Бросив признательный взгляд отцу, Данила на подгибающихся ногах обошел дом и вошел в холодные сени. Заложил засовы с обеих дверей – уличных и ведущих в избу,[63] потащил с себя армяк, надетый в дорогу, да так зацепил ожог, что скрипнул зубами. Надо бы поглядеть, чем она там его пометила.
Спустил с плеча пропотевшую рубаху, скосился. Да ну, больше разговоров. Вспухшее, покрасневшее полукружье – под вид перстня. Перстнем и клеймила – чем же еще? Диво, как сама себе пальчики не спалила, то-то постанывала… Данила ласково улыбнулся, не чувствуя ни обиды, ни боли – только сладость воспоминаний. Продолжал разглядывать ожог. Посредине раскаленно выдавился какой-то знак, напоминающий букву «живете».[64] Данила силился его разглядеть, пока не закружилась голова. Потом плюнул на это дело и рухнул на ворох пыльных мешков из-под зерна.

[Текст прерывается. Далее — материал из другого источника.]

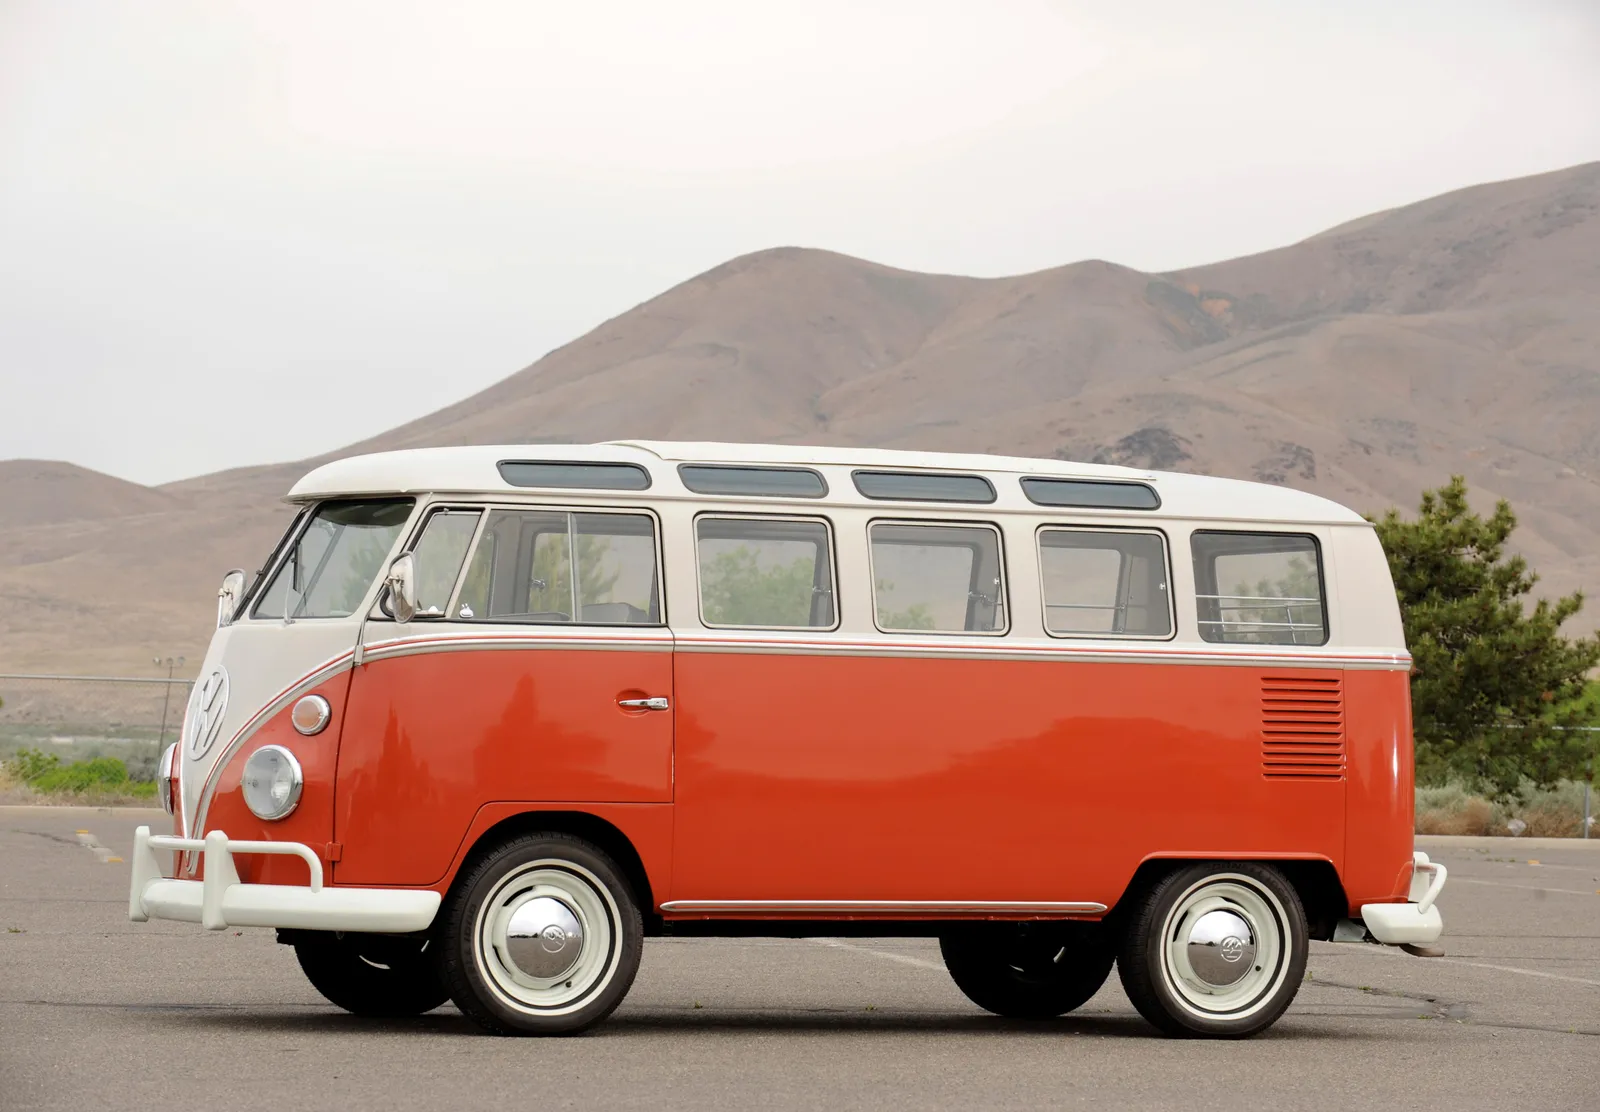 The history of the VW Transporter van

Блаженство, Господи… Смежил веки – и в следующее мгновение уже спал как убитый. Крепко спал, почти без сновидений, только изредка, когда бередил, неловко повернувшись, плечо, вспыхивала в темных провалах сна огненно-горячая буква «живете», отчего-то похожая на двухголовую птицу, и гонялась за Данилою, норовя снова и снова ужалить, да не в плечо, а в самое сердце.
* * *Едва-едва оклемался под вечер… Уж неведомо, что там наказал отец матери, но она только два раза окликнула шепотком под дверью:
– Данилушка! Живой ли? Я тебе кислого молочка принесла… – а больше не приставала. Конечно, жизнь научила ее терпеть мужнины загулы, ну а сыну, понятно, какая еще судьба, как не по отцовой дорожке пойти!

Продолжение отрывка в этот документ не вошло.